Basically, UIMA lets you scan unstructured documents, gleam the important points, and put that into a database for later retrieval. In the graph above, DBs means 'databases' and KBs means 'knowledge bases'. See the 4-minute YouTube video of [IBM Content Analytics], the commercial version of UIMA.

Starting from the left, the Collection Reader selects each document to process, and creates an empty Common Analysis Structure (CAS) which serves as a standardized container for information. This CAS is passed to Analysis Engines , composed of one or more Annotators which analyze the text and fill the CAS with the information found. The CAS are passed to CAS Consumers which do something with the information found, such as enter an entry into a database, update an index, or update a vote count.

(Note: This point requires, what we in the industry call a small matter of programming, or [SMOP]. If you've always wanted to learn Java programming, XML, and JDBC, you will get to do plenty here. )

If you are not familiar with UIMA, consider this [UIMA Tutorial].

Step 7: Parallel Processing

People have asked me why IBM Watson is so big. Did we really need 2,880 cores of processing power? As a supercomputer, the 80 TeraFLOPs of IBM Watson would place it only in 94th place on the [Top 500 Supercomputers]. While IBM Watson may be the [Smartest Machine on Earth], the most powerful supercomputer at this time is the Tianhe-1A with more than 186,000 cores, capable of 2,566 TeraFLOPs.

To determine how big IBM Watson needed to be, the IBM Research team ran the DeepQA algorithm on a single core. It took 2 hours to answer a single Jeopardy question! Let's look at the performance data:

Element	Number of cores	Time to answer one Jeopardy question
Single core	1	2 hours
Single IBM Power750 server	32	< 4 minutes
Single rack (10 servers)	320	< 30 seconds
IBM Watson (90 servers)	2,880	< 3 seconds

The old adage applies, [many hands make for light work]. The idea is to divide-and-conquer. For example, if you wanted to find a particular street address in the Manhattan phone book, you could dispatch fifty pages to each friend and they could all scan those pages at the same time. This is known as "Parallel Processing" and is how supercomputers are able to work so well. However, not all algorithms lend well to parallel processing, and the phrase [nine women can't have a baby in one month] is often used to remind us of this.
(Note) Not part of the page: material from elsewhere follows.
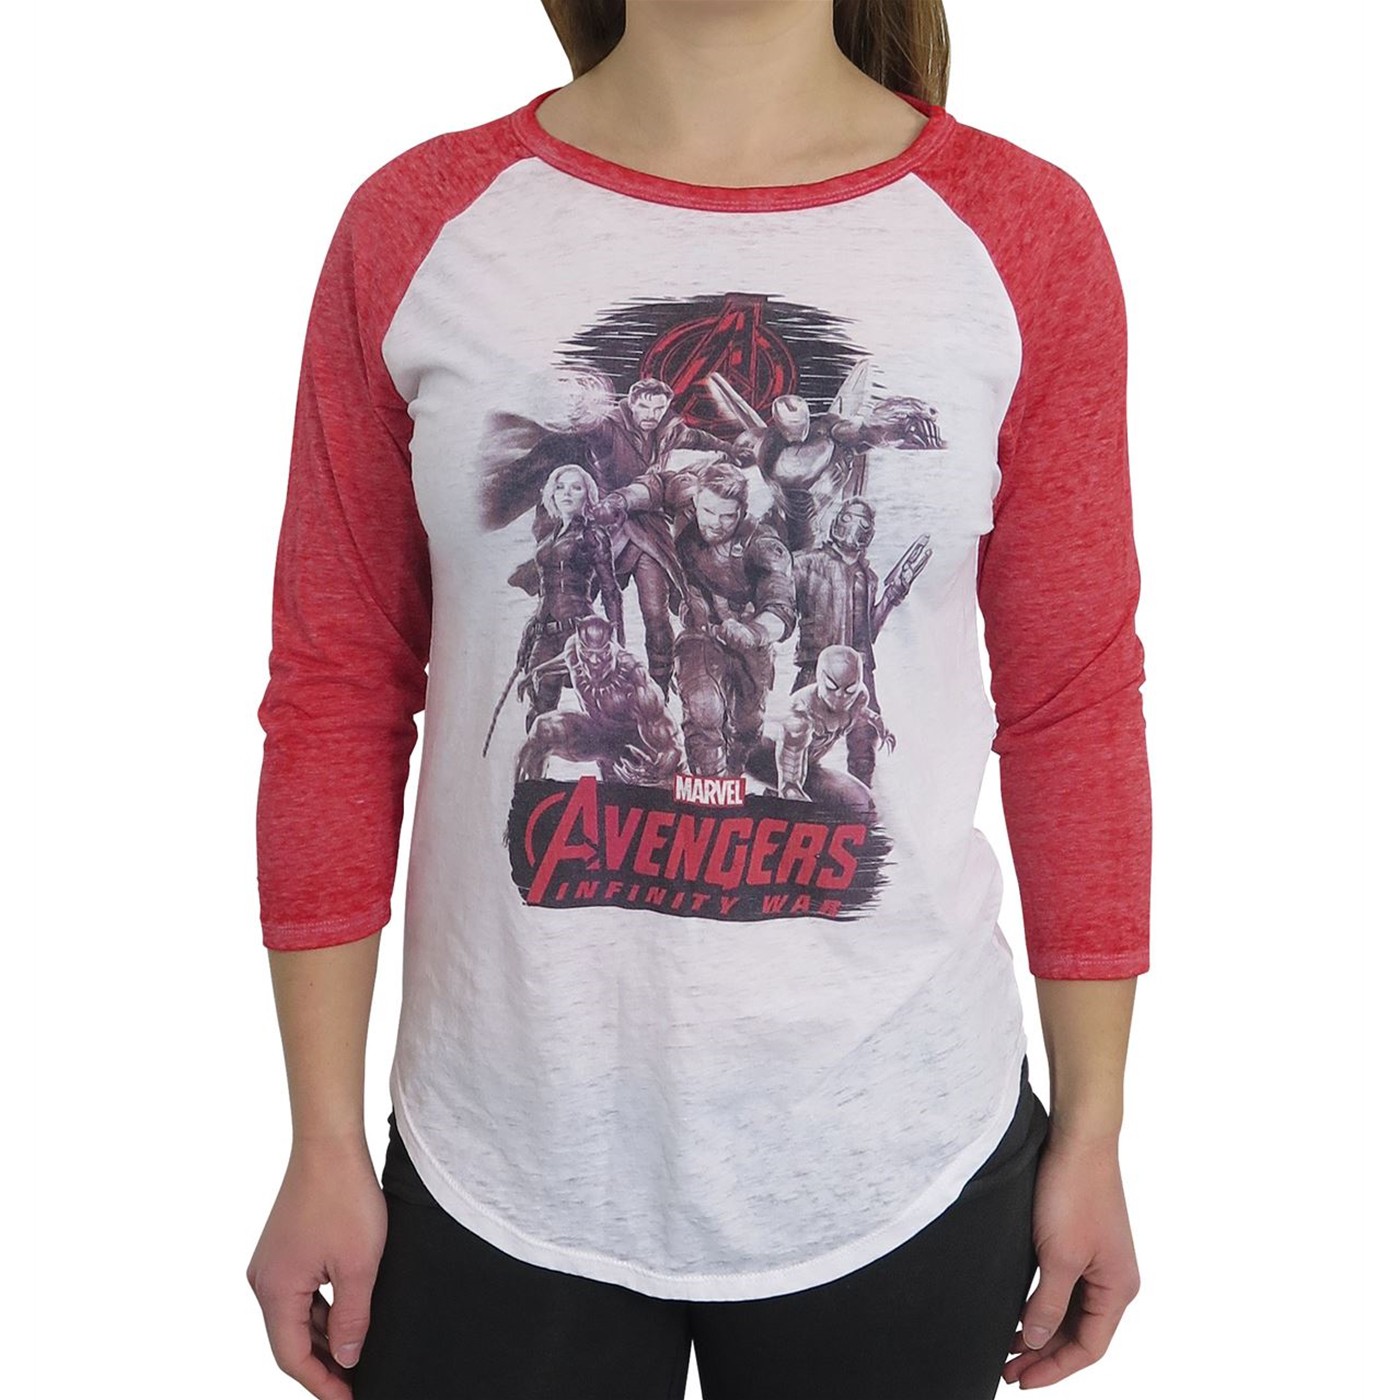 Avengers Infinity War Women's Baseball T-Shirt

Fortuantely, UIMA is designed for parallel processing. You need to install UIMA-AS for Asynchronous Scale-out processing, an add-on to the base UIMA Java framework, supporting a very flexible scale-out capability based on JMS (Java Messaging Services) and ActiveMQ. We will also need Apache Hadoop, an open source implementation used by Yahoo Search engine. Hadoop has a "MapReduce" engine that allows you to divide the work, dispatch pieces to different "task engines", and the combine the results afterwards.

Host 2 will run Hadoop and drive the MapReduce process. Plan to have three KVM guests on Host 1, four on Host 2, and three on Host 3. That means you have 10 task engines to work with. These task engines can be deployed for Content Readers , Analysis Engines , and CAS Consumers . When all processing is done, the resulting votes will be tabulated and the top answer displayed on the Query Panel on Host 1.

Step 8: Testing

To simplify testing, use a batch processing approach. Rather than entering questions by hand in the Query Panel, generate a long list of questions in a file, and submit for processing. This will allow you to fine-tune the environment, optimize for performance, and validate the answers returned.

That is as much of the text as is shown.